Al parecer, el barón dedicó los primeros días de su estancia en Bognor a buscar criada, insistiendo, además, en procurarse una por su cuenta y alojarla en la casa en la que se hospedaba. Es digno de mención que la que eligió en última instancia, debido a su modo de ser, se encontrara en unas circunstancias que la dejaban por completo a merced de su señor. Es una lástima que el peso de la declaración de dicha fuente se vea forzosamente menguado debido a ese mismo defecto de carácter. No obstante, debemos tenerlo en cuenta por si sirviera de algo, sin olvidar al mismo tiempo que la declaración se hizo sin ningún otro motivo aparente que el de contar la verdad.

De su relato se desprende que el barón, después de intentar por todos los medios que la criada recayera en la tentación de repetir su falta, aprovechó el pretexto de haberla sorprendido probando la mermelada del desayuno con el dedo para amenazarla con hundirla inmediatamente y para siempre. Solo le dejó una escapatoria posible. Como no podía ser menos, la alternativa se disfrazó con gran ingenio y delicadeza so pretexto de dar un motivo plausible para despedirla; pero, en realidad, no fue más que lo siguiente: ella, a condición de que la supuesta falta no fuera utilizada en su contra, reconocería haber cometido otra en la que no tenía absolutamente nada que ver.
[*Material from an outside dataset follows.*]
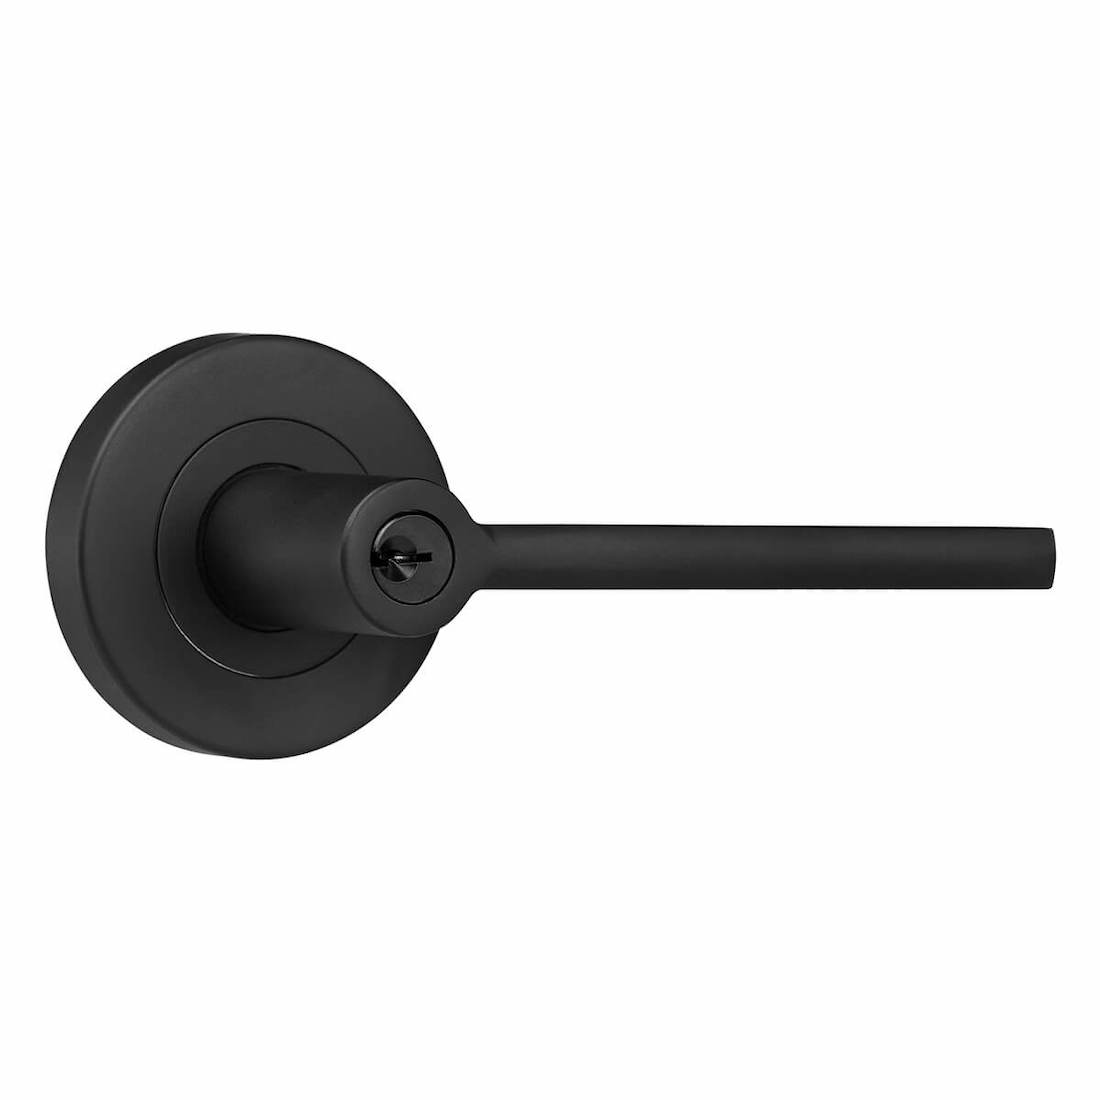 Black entrance door handle

La falta de la que debía reconocerse culpable fue: la noche siguiente al día en que cometió la falta de la que, por así decirlo, era culpable en realidad, madame R. se puso enferma de repente. Los síntomas eran de envenenamiento por antimonio. Se demostró con claridad la presencia de antimonio en el estómago. En presencia del médico al que se llamó, el barón acusó a la criada de haber administrado a madame R. una dosis de tártaro emético a escondidas; la criada, respondiendo a una señal inequívoca de su señor, confesó haberlo hecho y, por consiguiente, fue despedida con una carta de recomendación en todos los demás aspectos. Ahora, libre de temor a ser delatada, lo niega todo tajantemente, tanto haber administrado el veneno como la disputa que supuestamente la había impulsado a hacerlo, y debo añadir que, considerando las pruebas internas y externas, creo que su declaración es digna de crédito.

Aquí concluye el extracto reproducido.